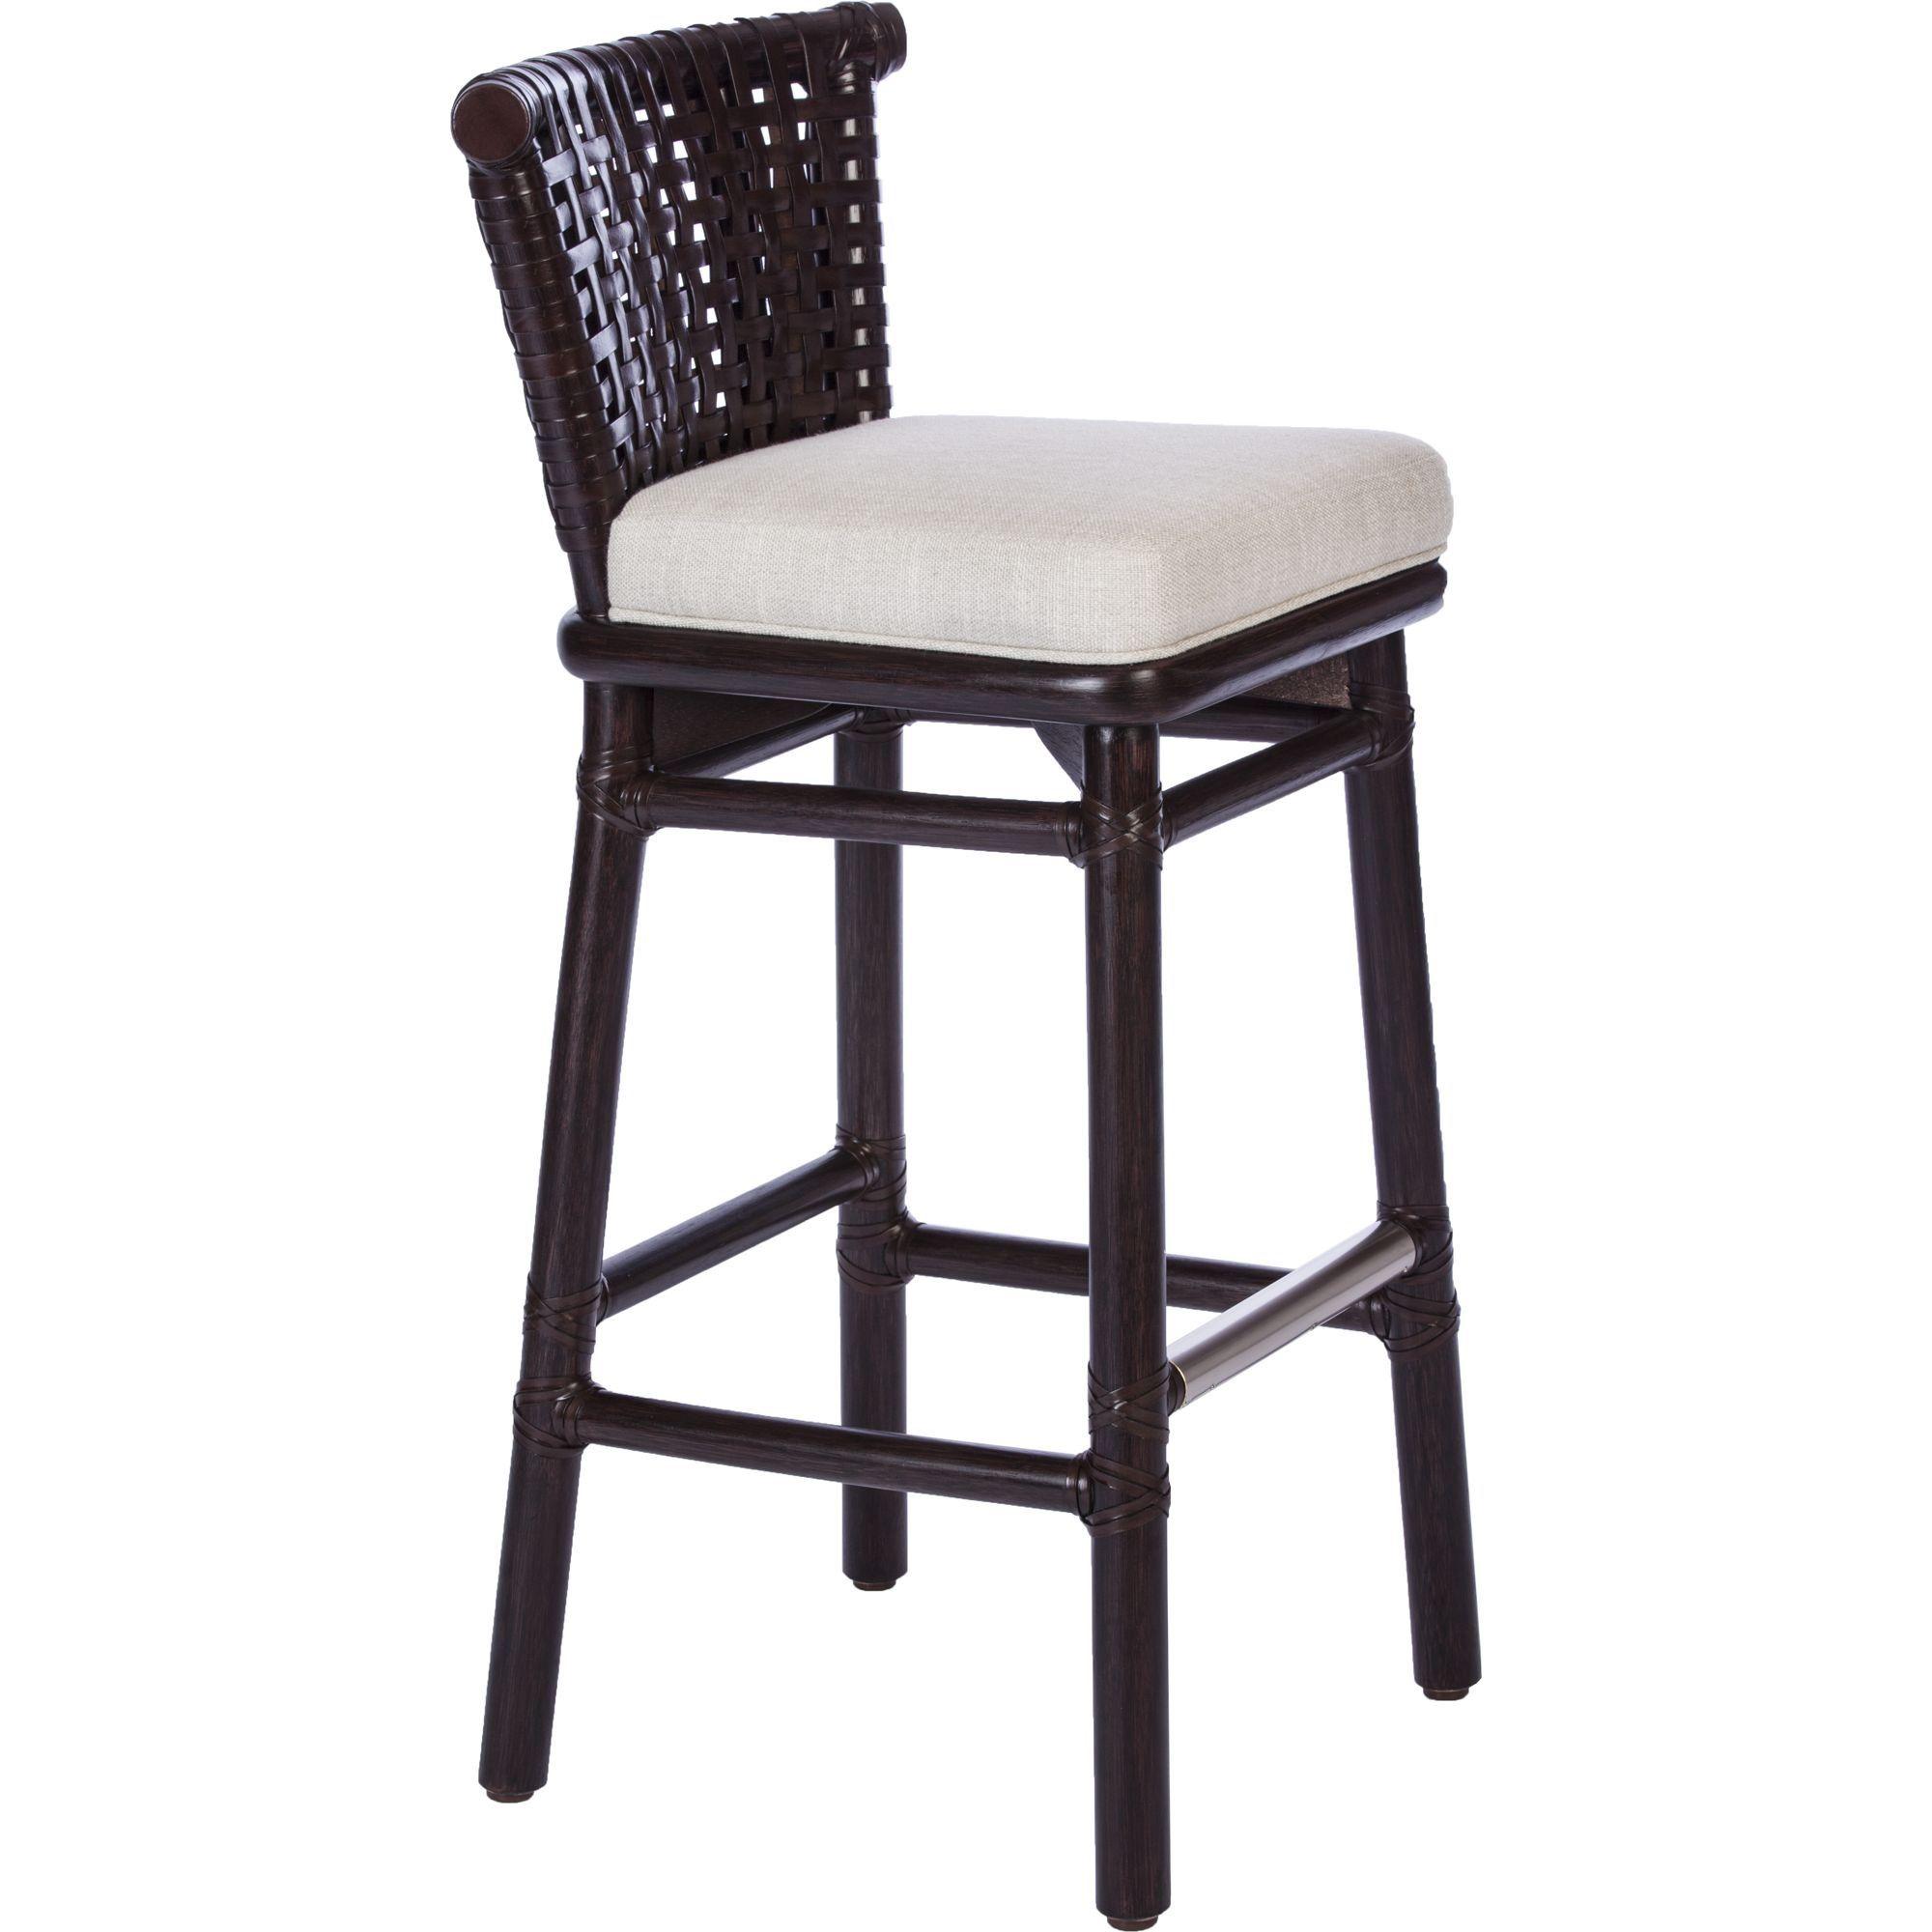 mcguire furniture company laced. Buy Antalya(TM) Laced Rawhide Counter Stool By McGuire Furniture - Quick Ship Designer Mcguire Company
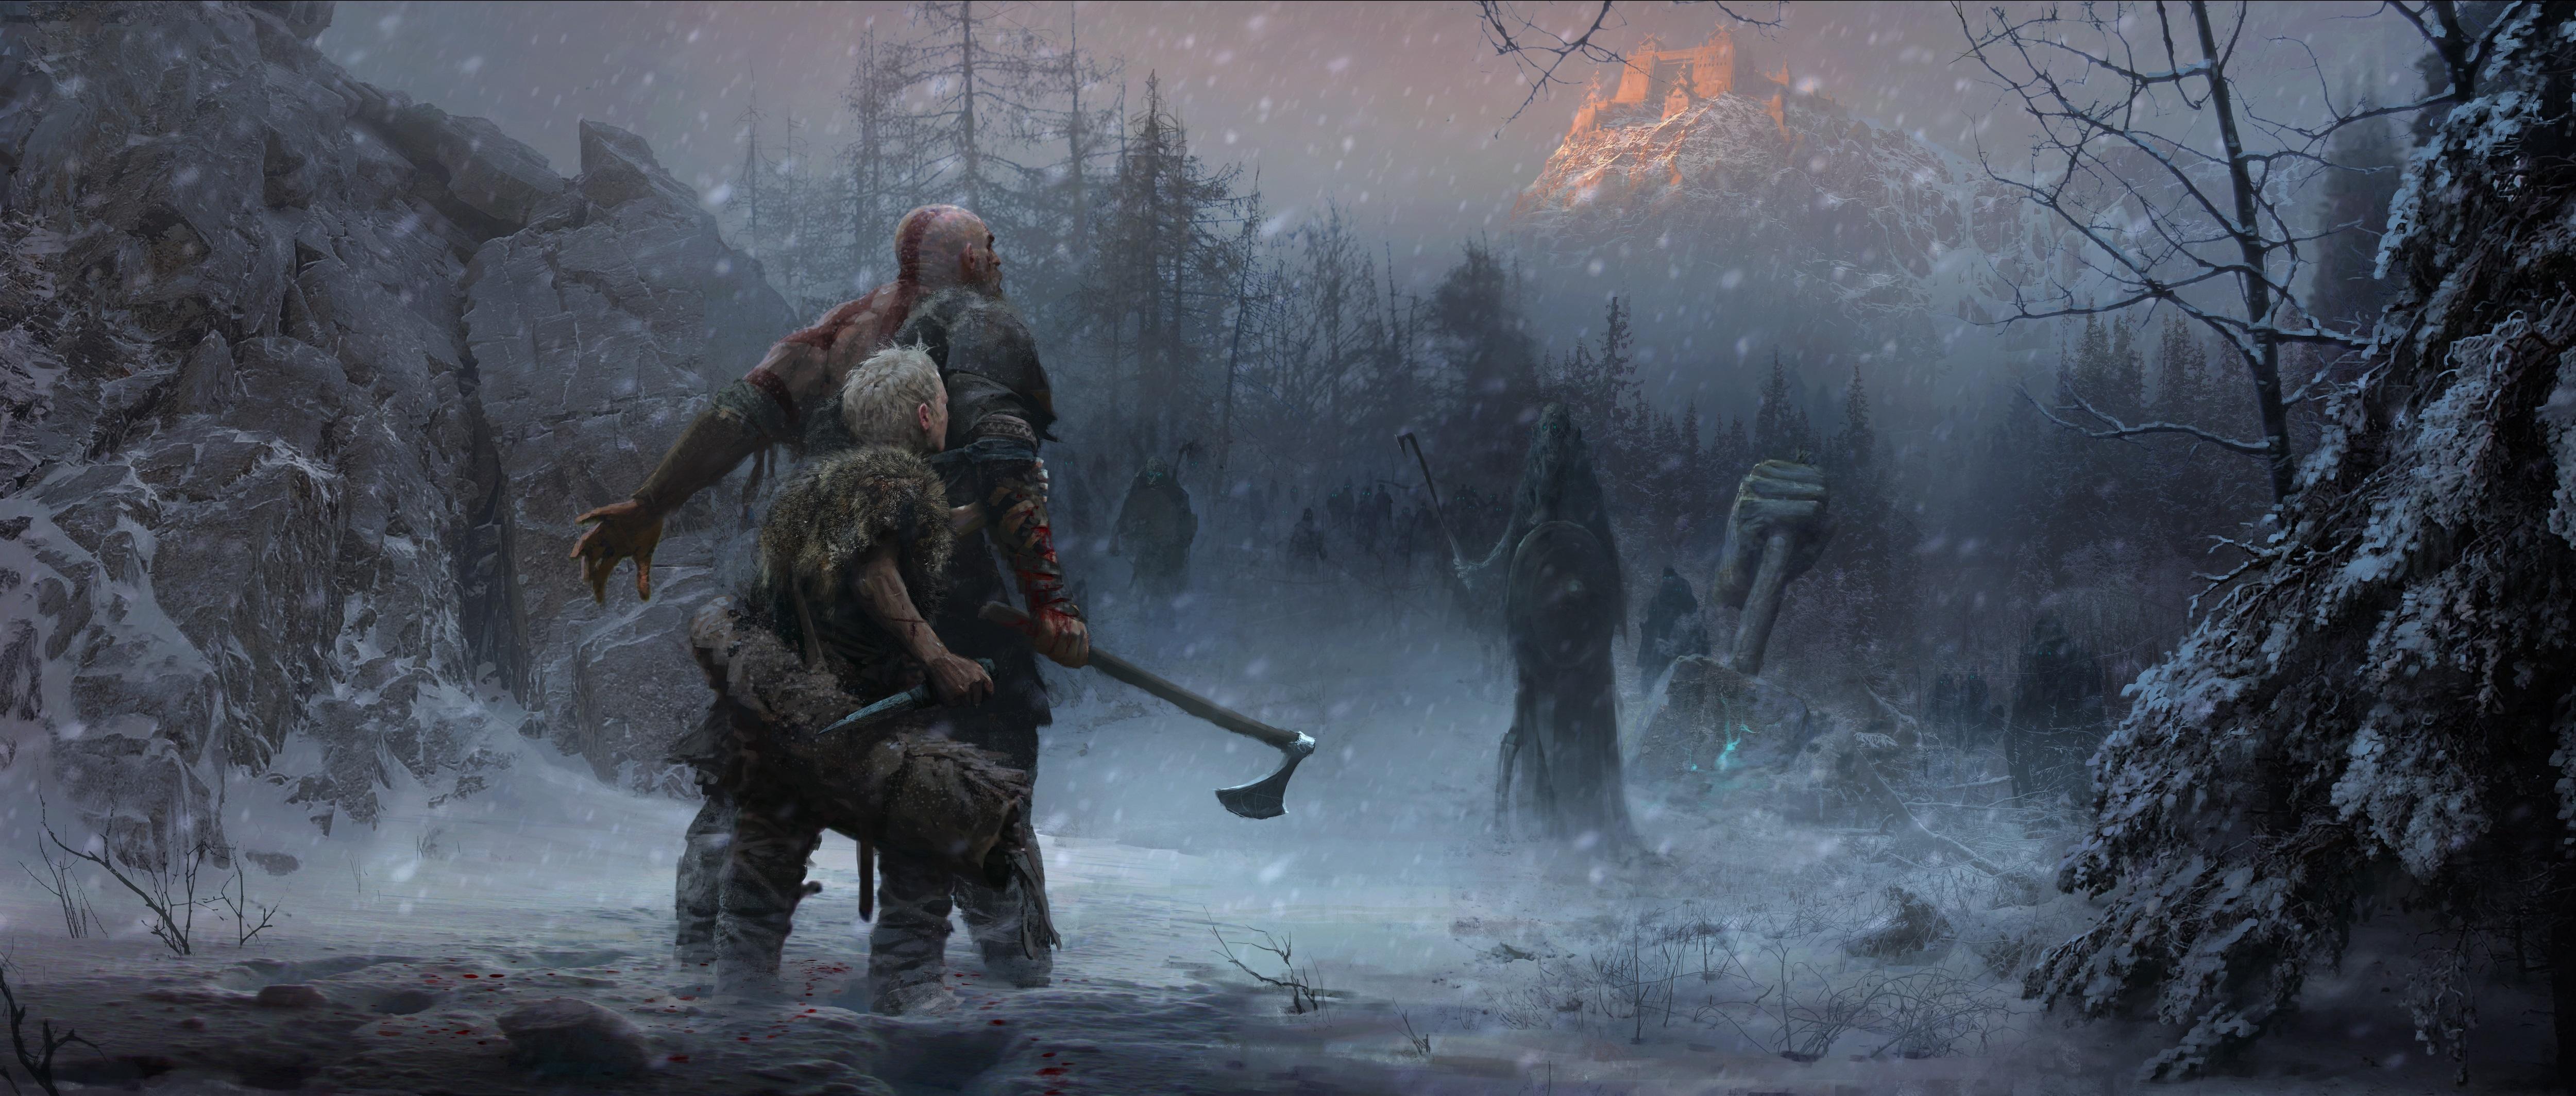 God Of War 4 Ps4 Concept Art 5k Hd Games 4k Wallpapers Images
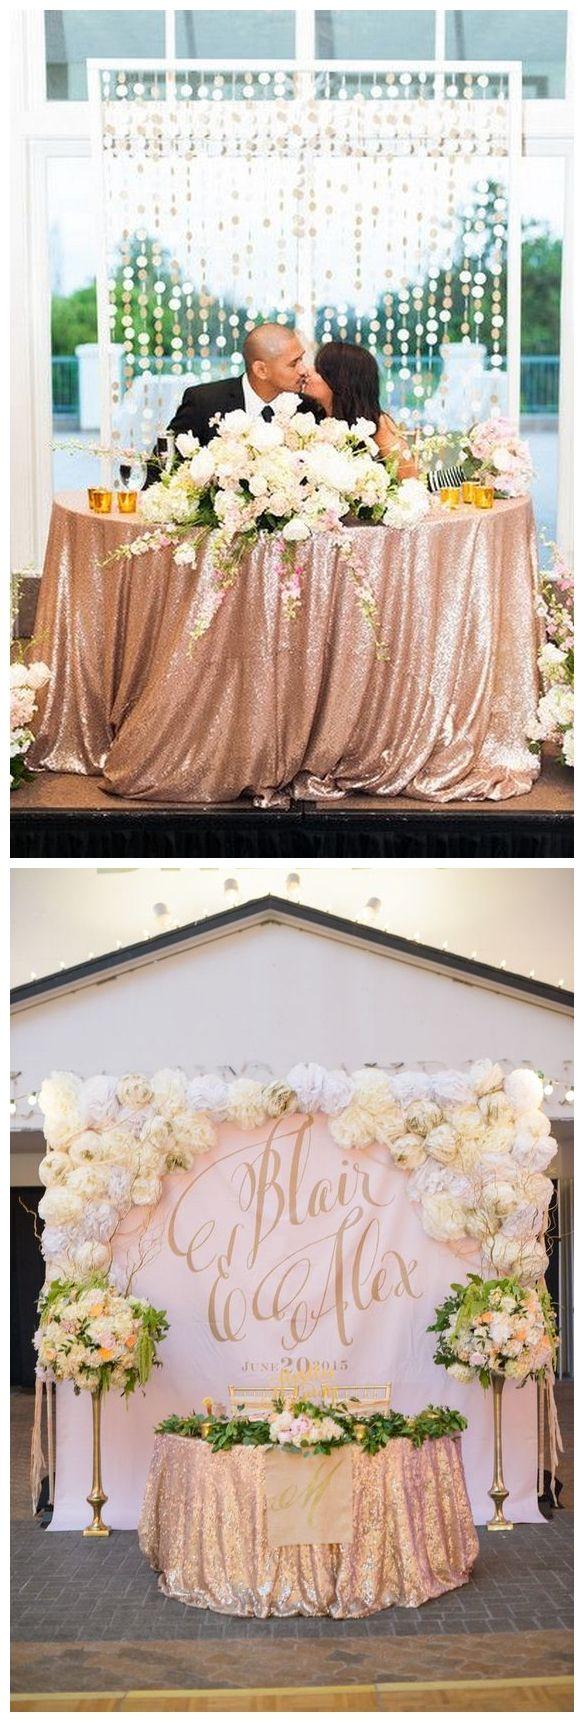 40 Rose Gold Metallic Wedding Color Ideas / http://www.himisspuff.com/rose-gold-metallic-wedding-color-ideas/
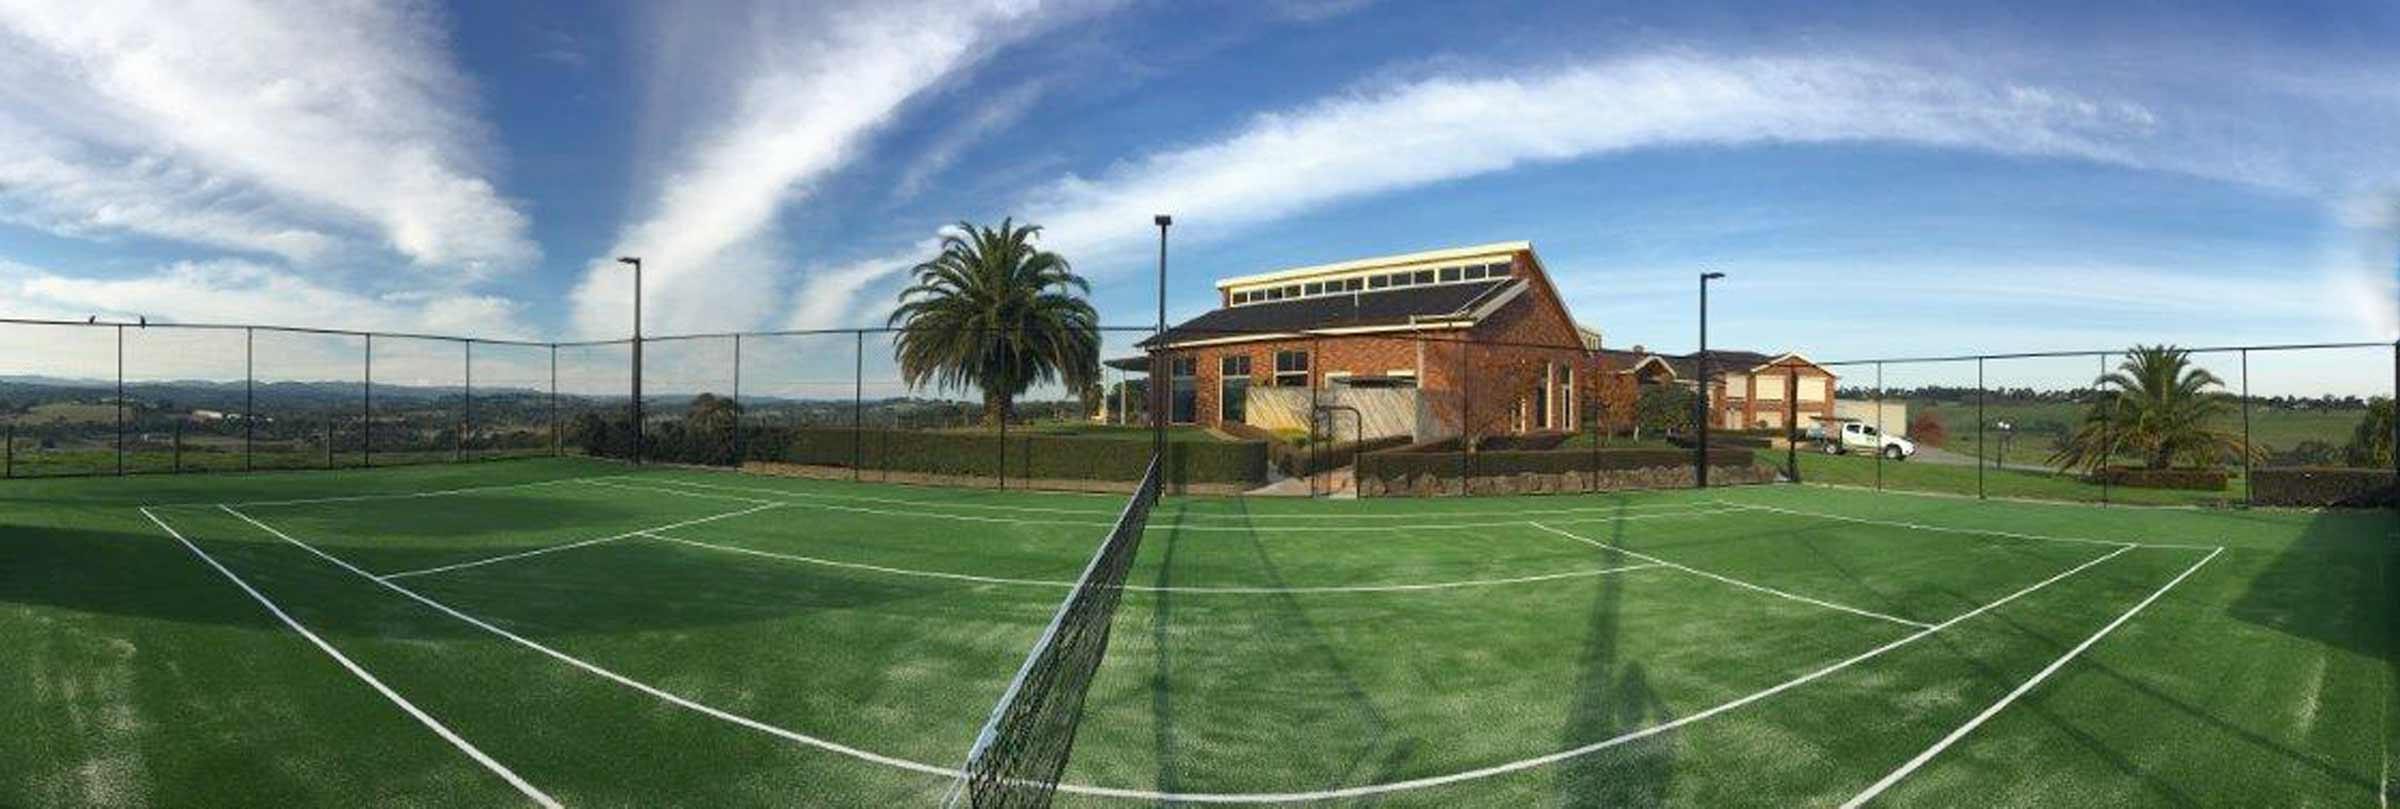 Tennis Court Maintenance Service in Melbourne

Your assignment: Excluding pictures, copy exactly the lines from the line containing "40 Rose Gold" through the last line of the data, inclusive.

Answer to this task:
 40 Rose Gold Metallic Wedding Color Ideas / http://www.himisspuff.com/rose-gold-metallic-wedding-color-ideas/
 Tennis Court Maintenance Service in Melbourne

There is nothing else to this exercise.